JPD : Ce n'est pas un film sur la précarité, sur la pauvreté, mais sur la manière dont les gens vivent ces dernières, dans la banalité du quotidien d'un boulot mal payé, du chômage, de la survie. Ce documentaire est fait pour qu'ils puissent s'exprimer, avec toute leur vitalité, leur détermination, leur culture de résistance et de solidarité, leur envie d'un monde meilleur. Nous sommes en train de vivre dans un pays qui accepte petit à petit que des gens possèdent, parfois de plus en plus, alors que d'autres n’ont rien. La société n'entend plus cette dernière catégorie de la population, ne la voit plus. Être pauvre aujourd'hui, c'est aussi devoir se cacher, se taire, et souvent vivre avec un sentiment de culpabilité lié à tous ces mots comme « assistés », « déclassés », « profiteurs », etc.

Laurence travaille dans la logistique
et se demande chaque jour "comment faire manger ses gosses".

Pourquoi avez-vous simplement suggéré les causes des situations que vous avez filmé, à travers une succession de témoignages et de portraits ?

JPD : Nous avons juste montré ces gens qui ont été mis de côté par la société. Nous n'avons pas conduit de thèse, ni donné la parole à des experts. Nous n'avons pas voulu de cette mise à distance car c'est, dans beaucoup de films, une manière de dénier la parole à ceux qui subissent l'organisation de notre société. Nous avons juste permis aux personnes filmées de dire ce qu'elles ressentent, leur analyse de la France d'aujourd'hui. C’est le cas, par exemple de Jean-Paul, ce bénévole qui s’implique auprès des Roms. Il dit très justement : « C'est dur de subir, de ne faire que subir et de voir les autres subir à leur tour, non ? Ça me pousse à agir, sinon cela serait trop irrespirable. » Après, chaque spectateur se pose ses propres interrogations, se forge sa lecture particulière.

AS : Nous sommes sûrs que beaucoup de gens ne supportent plus ni la société dans laquelle nous vivons, ni ce sentiment d'impuissance qui l’accompagne.

Vous faites de très beaux portraits de personnes en difficulté. Très vivants, très lucides et poétiques. Comment avez-vous fait ?

JPD : Parfois, par hasard, comme pour Agnès. Nous étions en train de nous demander comment intégrer dans notre histoire cette autoroute qui traverse Givors. C'est bruyant, bétonné ; les voitures filent. Et, au cours d'une discussion, je me retourne. Là, je vois le cours d'eau qui traverse la ville. Une trouée de nature. Agnès était là, en train de donner du pain aux oies et aux ragondins. Bien sûr, on est allé la voir. En quelques minutes, cette femme nous dit qu'elle ne peut plus lire, faute d'argent pour changer de lunettes et qu'elle a faim toute la journée. « Je ne fais plus partie des gens qui partent le matin de chez eux, qui choisissent leurs plaisirs. Le mien, ce n'est plus que de donner du pain aux oies », nous a-t-elle confié. C'est un témoignage très fort qui bat en brèche de nombreux préjugés.

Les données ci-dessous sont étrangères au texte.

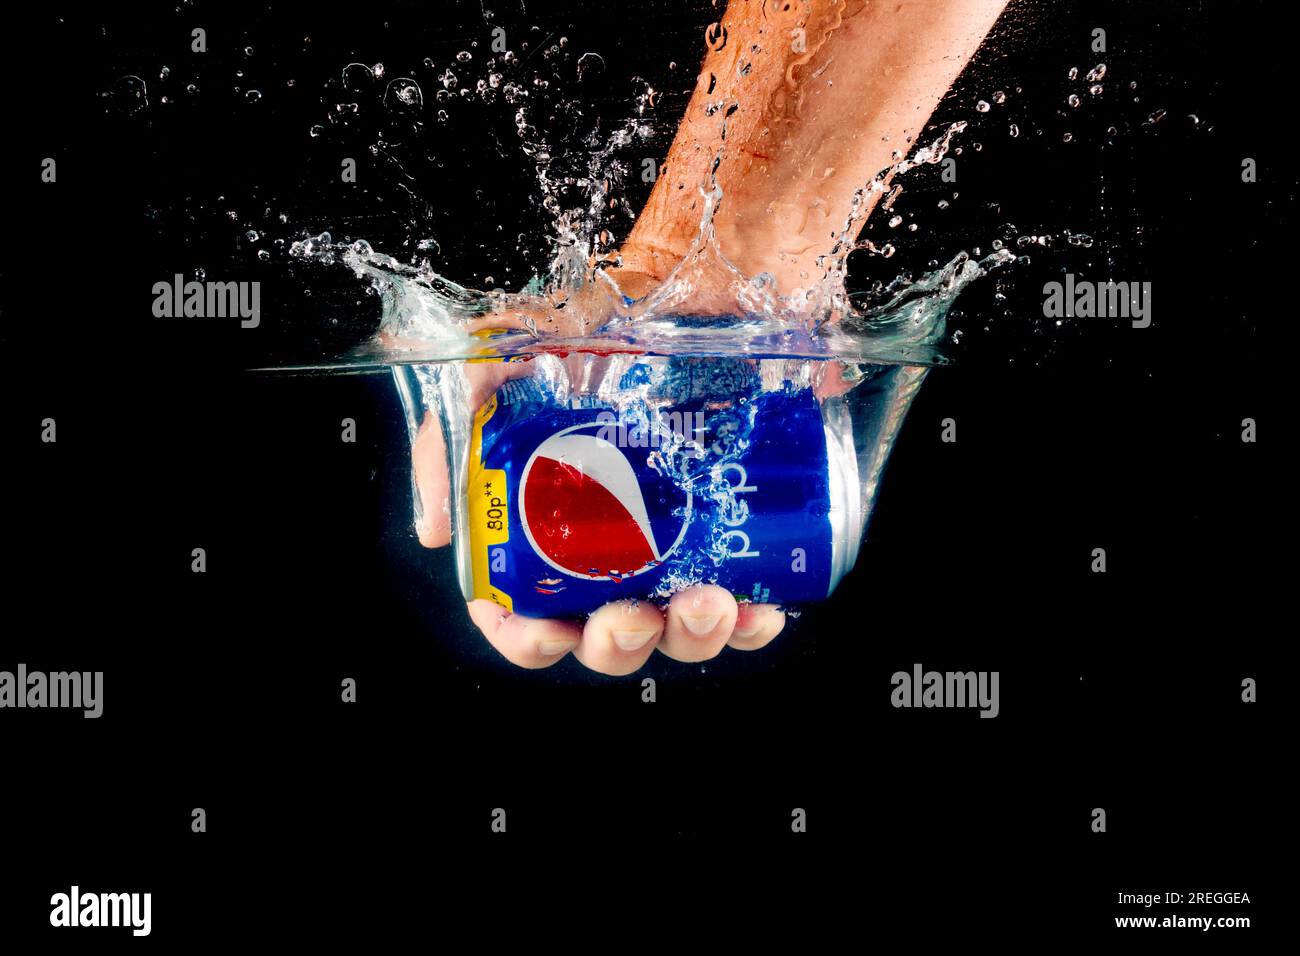 Londra, Regno Unito, 24 luglio 2023: Una lattina di Pepsi tenuta in una mano che spruzza in acqua su uno sfondo nero Foto Stock
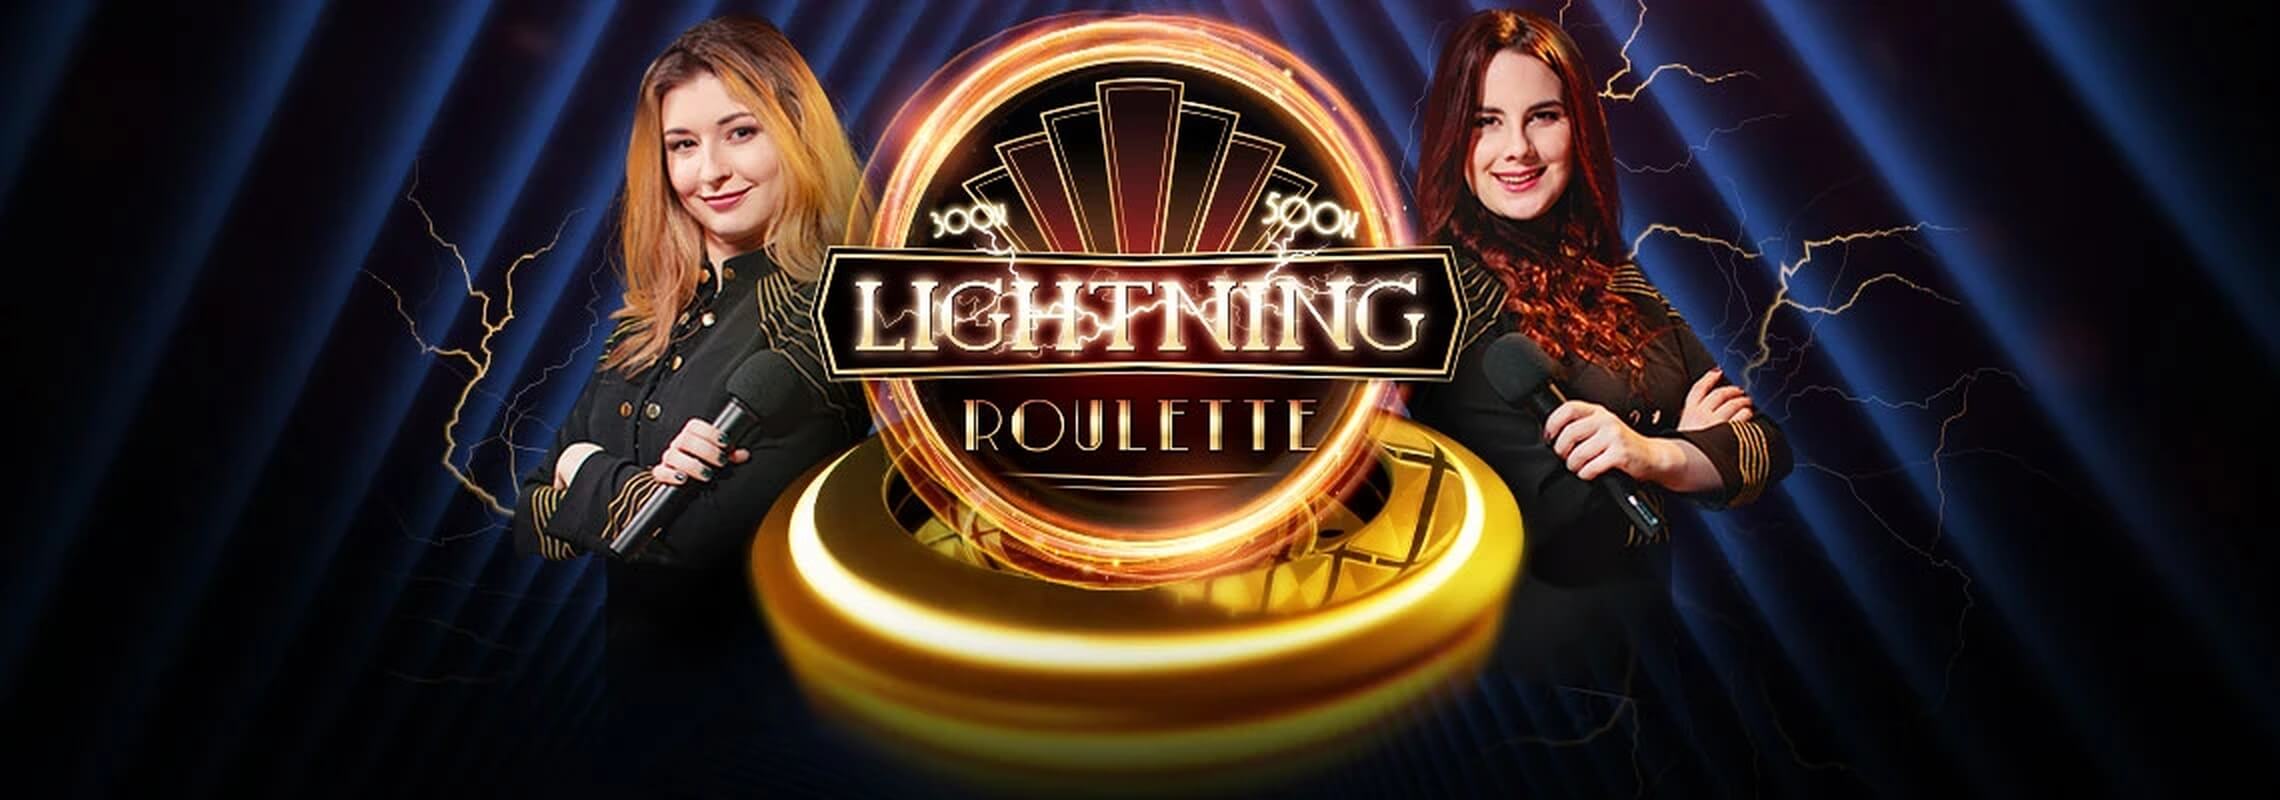 Lightning Roulette - Speciální funkce a bonusové hry

Ancienne ville industrielle, Givors a toujours attiré des travailleurs immigrés.
Ici une famille Rom dans son logement de fortune.

Comment avez-vous réalisé votre film ?

JPD : Nous ne voulions pas voler ces images. Il nous fallait gagner la confiance des personnes que nous filmions pour accéder à leur intimité. C'était la condition pour ne pas se limiter à leur faiblesse : la pauvreté. C'est justement ce qui nous fait peur et nous sépare d'eux, en général. Nous nous sommes donc attachés à faire apparaître ce qui est sous-jacent. Une fois le film réalisé, nous avons organisé une projection pour toutes les personnes que nous avions filmées. L'accord était posé dès le départ : vous nous laissez capter un maximum de choses, mais si une scène vous déplaît, on en discute et si vous ne changez pas d'avis, on la retire du film. On a respecté notre part du contrat.